Tuesday, December 2, 2008

How We Do It: Two Writers Talk Technique

Seasonal Effectiveness Disorder?

With Thanksgiving over and winter really in the air, sister author Caroline Leavitt and I decided to tackle how we write over this season – and through the holidays. Here's her take; mine is on her blog, here.

Is it true that to everything, including writing, there is a season (turn, turn, turn.) Well, it used to be that comic novels and beach books came out in the summer, and the most serious stuff came out in the fall, but now it seems that books come out any season at all (which is a good thing.)

For me, writing is something I have to do. I need it, I crave it, it’s an addiction, even on the days when putting a single word like “he” on the page is traumatic. Stories form and take years to get right, so whether it is frigid out or boiling, makes no difference to me—I still need and want to work. I’m more of an indoor, urban girl, so I don’t feel the pull of a sunny gorgeous day or the need to get out and romp in the snow as much as I feel a yearning to finish a chapter, a tug to meet my deadlines. That said, there is the thanksgiving through New Years problem, and then there is August, where somehow, for me, all bets are off.
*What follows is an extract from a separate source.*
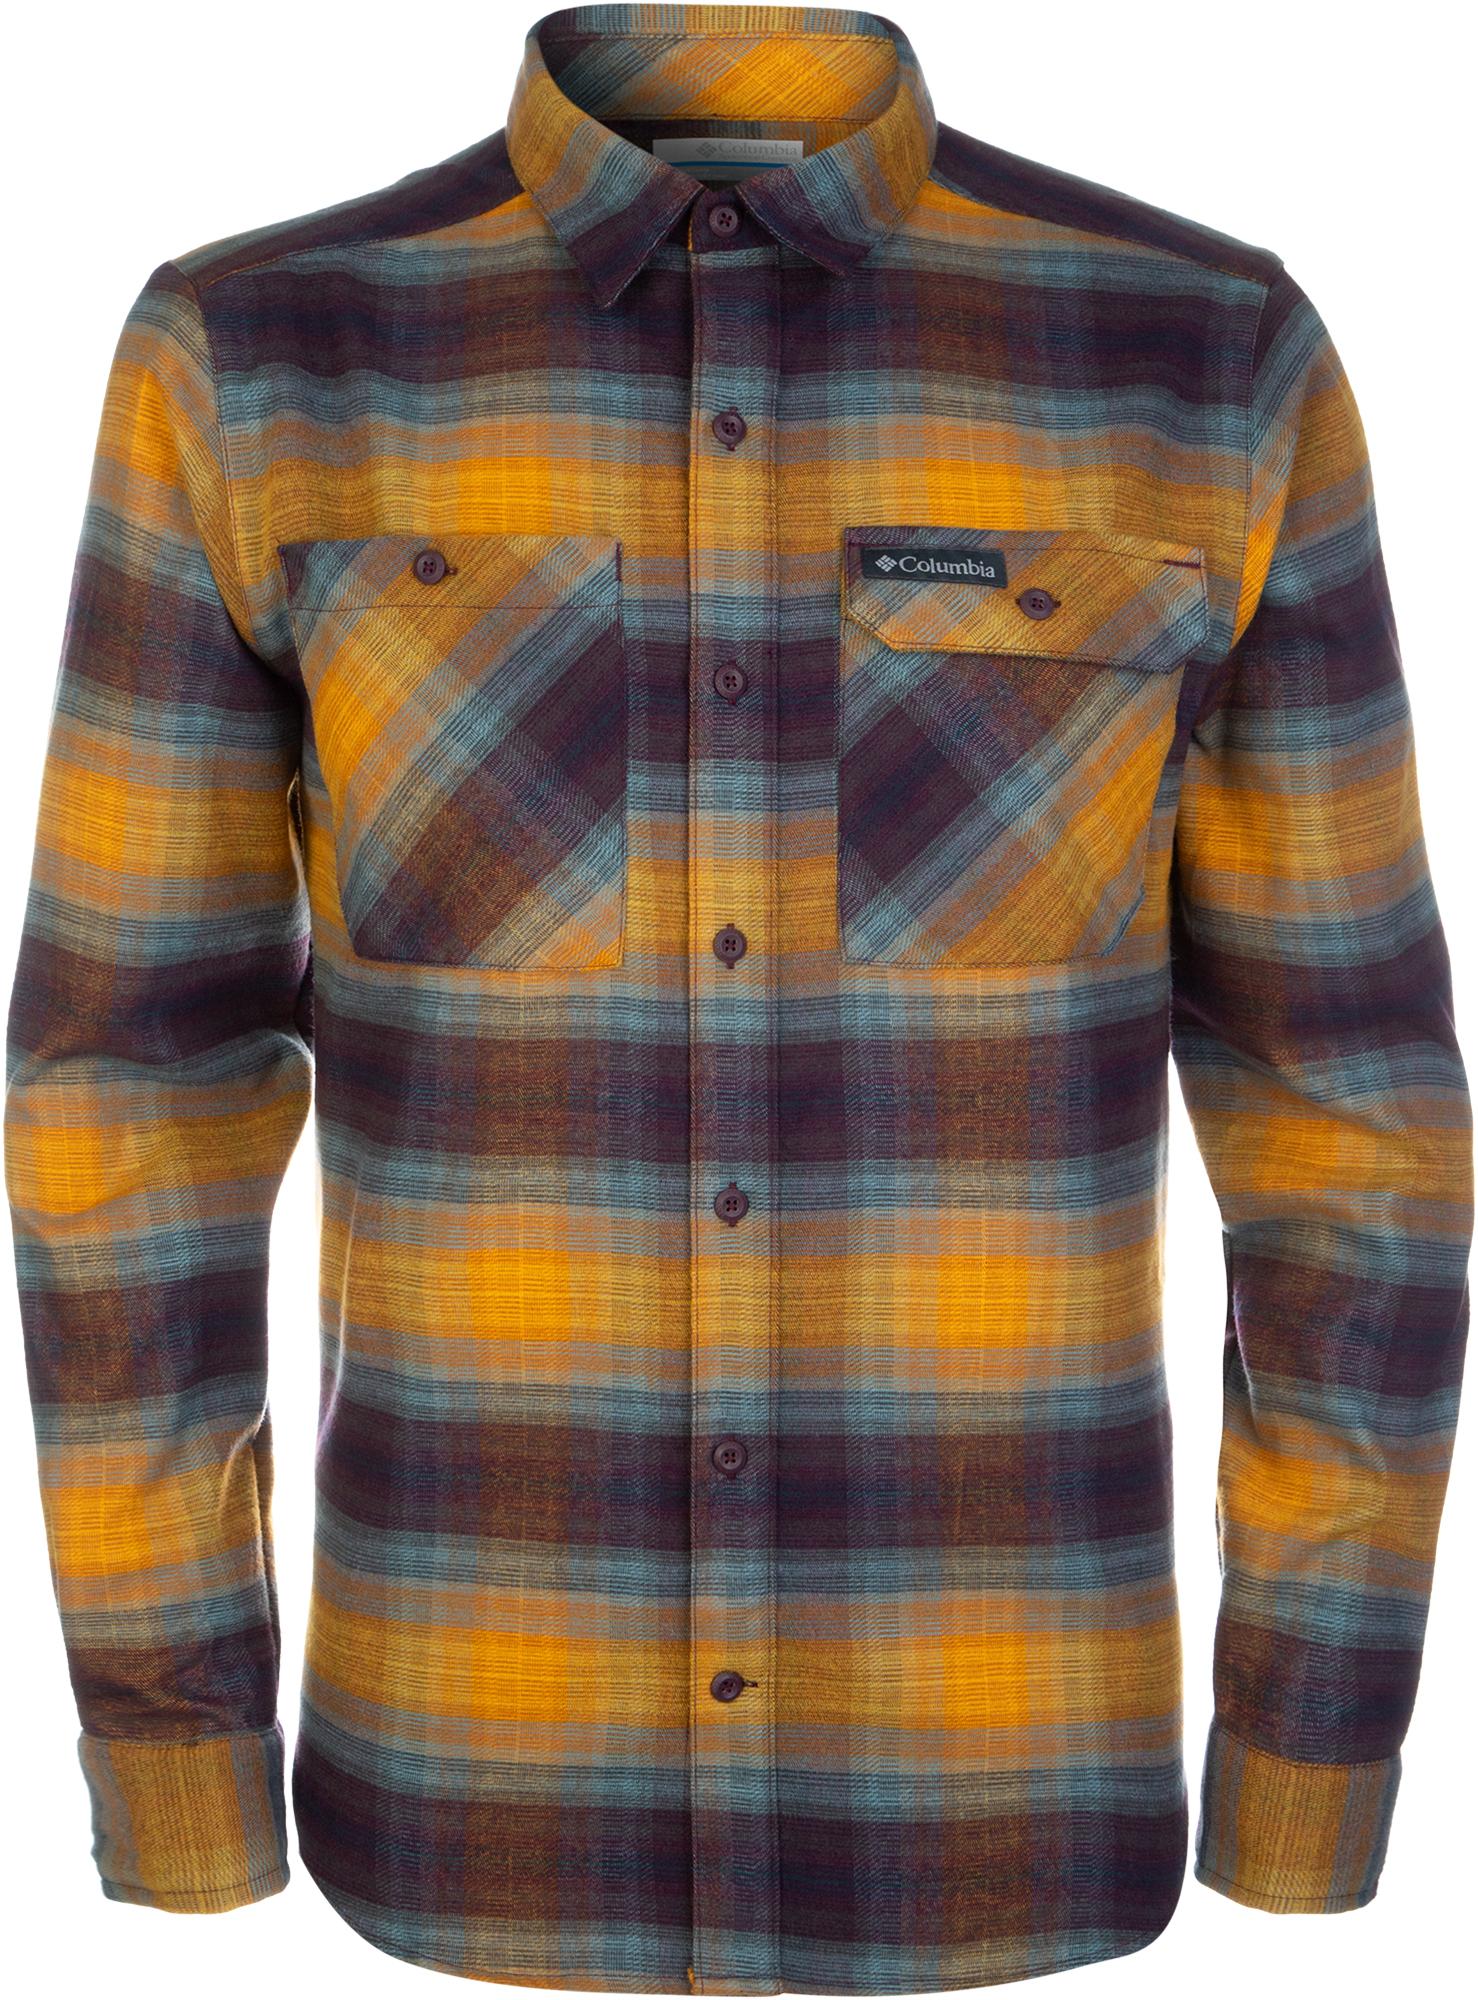 цена на Columbia Рубашка мужская Columbia Outdoor Elements, размер 56-58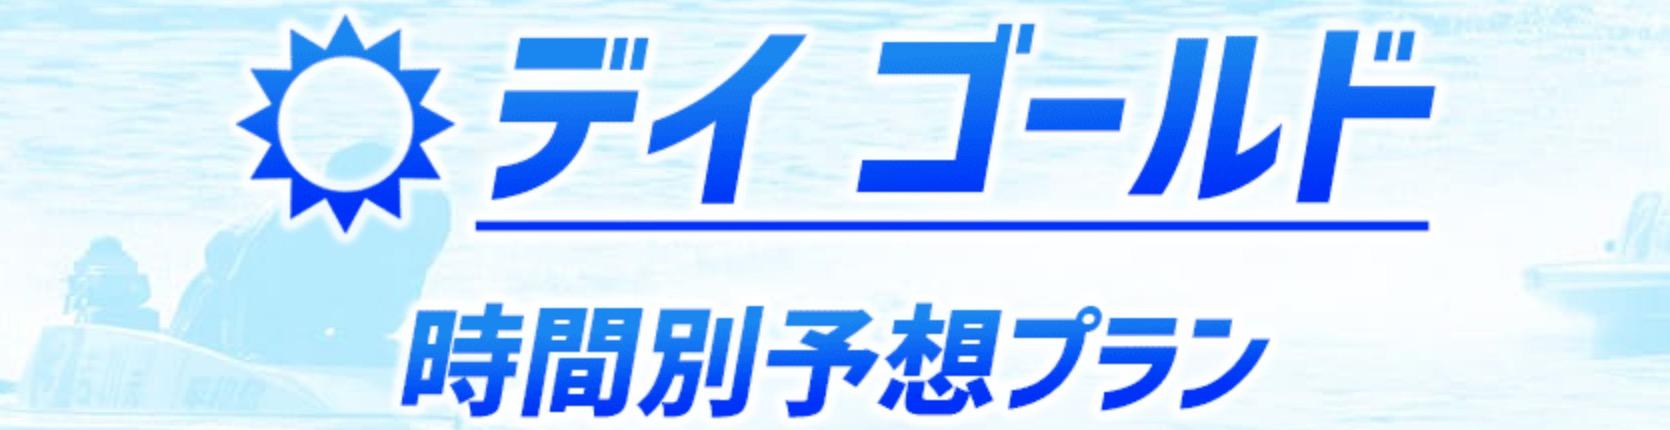 競艇予想NOVA(ノヴァ)13

It’s easy to see why. No one else is working. Around the holidays, there is so much family stuff going on so much to do in NYC, and let’s not even begin to talk about the movies that are out. August, the month when all shrinks seem to vacation, is actually more of a problem for me because of the intense heat (give me air conditioning and make it extra frosty) and the sense of pure summer laziness. I want to write—I just also want to nap or have another iced lemonade. I know a lot of people get depressed with SAD in the winter when light is more precious, but for me, the blinding heat and light of August puts me in a cantankerous mood. Nothing feels right to me in August, nothing seems to work well, and I admit, until I see the first signs of wool clothes in the store, I can’t seem to catch a breath, let alone write a decent sentence.

How do the holidays affect your writing or other work? Let us know!

1 comment:

Stephen D. Rogers said...

August has always been my worst writing month for the reasons you mention.